In both the oboe and the flute, $90%$ of the energy is contained within the first two harmonics. In the trumpet and clarinet thought, we need $4$ and $6$ harmonics respectively to reach $90%$ of the total energy. We can conclude that these two last instruments generate a more plain sound in frequency.

Figure 9: DFT of Minuet in G Major played in the flute.
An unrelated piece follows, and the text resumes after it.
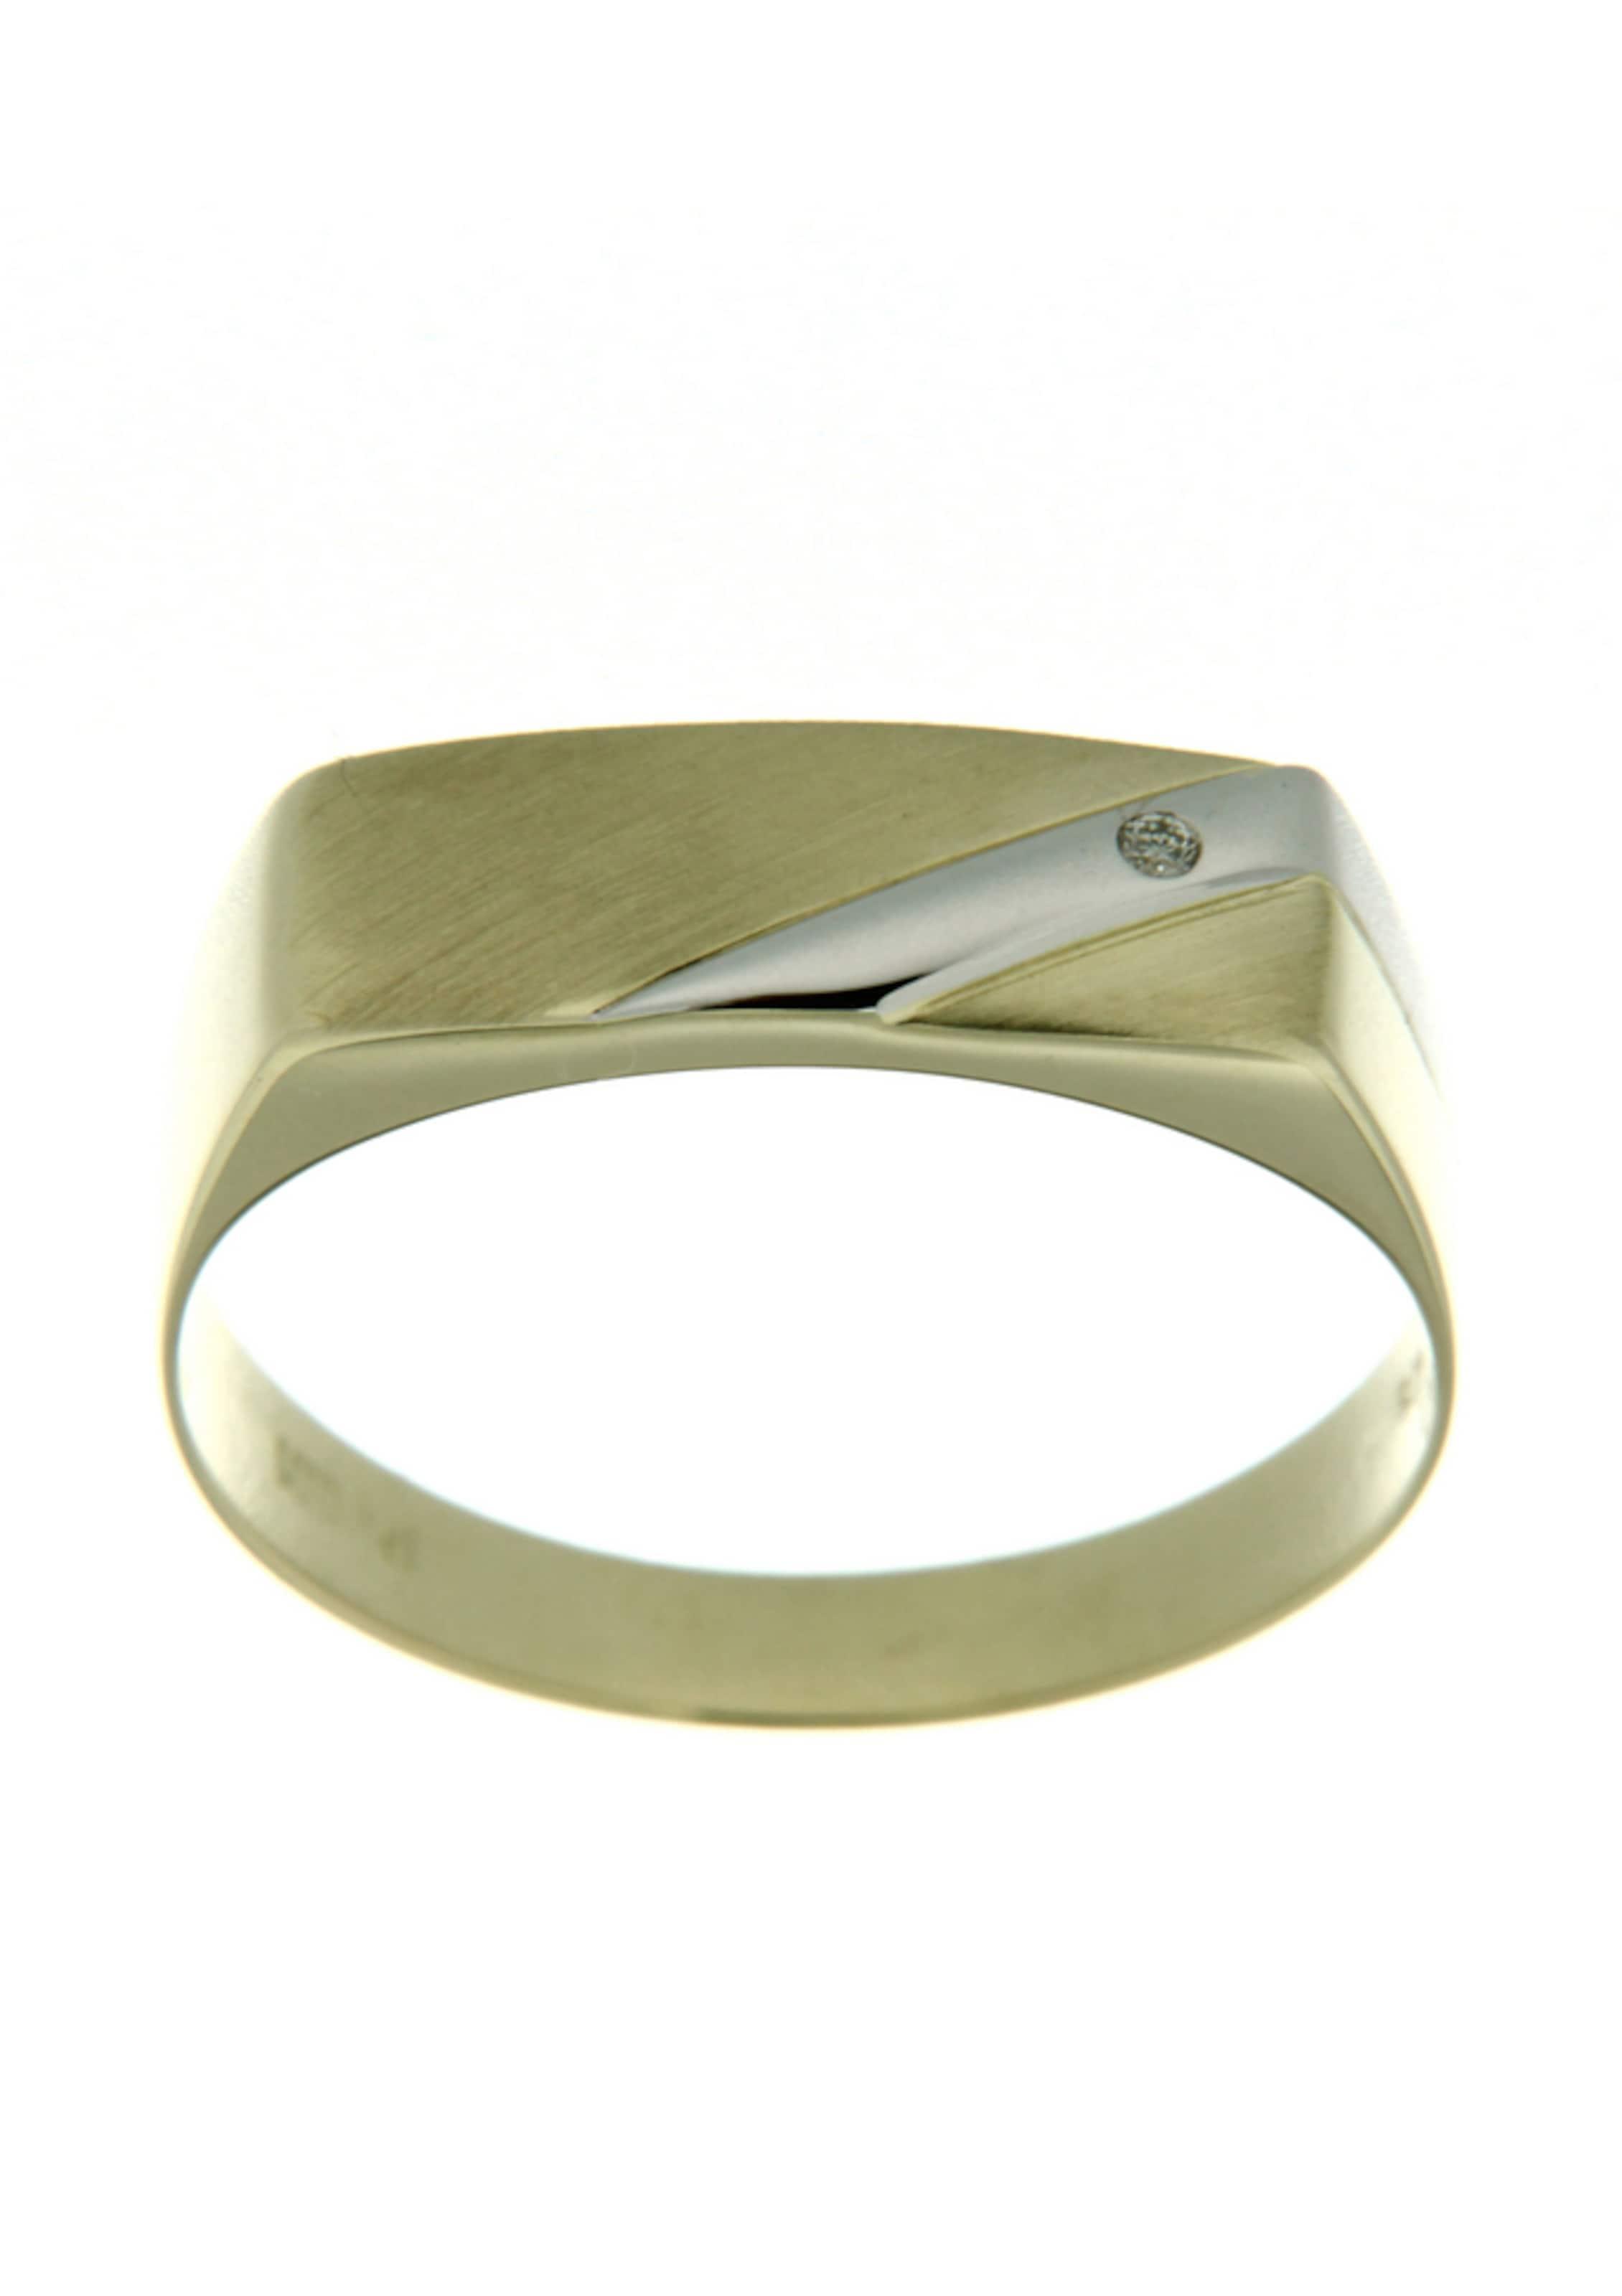 FIRETTI Siegelring mit Diamant Billig Verkauf Niedriger Preis Günstig Kaufen Für Billig Erhalten Verkauf Online Kaufen LlndE

By ploting the song in the flute we see a richer spectrum, namely more frequencies come into play when the same song is played. This richer spectrum is what makes songs sound more harmonic. Now you can also claim that you know what this really means!

Code Links

The code described here can be downloaded from the folder ESE224_Lab2.zip. This folder contains the following 4 files:

  • $\p{cpx\_exp.py}$: The class $\p{ComplexExp}$ is defined in this file — but note that the file itself does not perform any computation.
  • $\p{dft.py}$: The class $\p{dft}$ implements the discrete Fourier transform in $3$ different ways.
  • $\p{discrete\_signal}$: The class $\p{discrete_signal}$ generates different types discrete signals.
  • $\p{ESE224\_Lab2\_Main.py}$: This file defines the functions that we used to solve the problems in the lab assignment, instantiating objects when necessary. This is also where the plots and the audio files are created.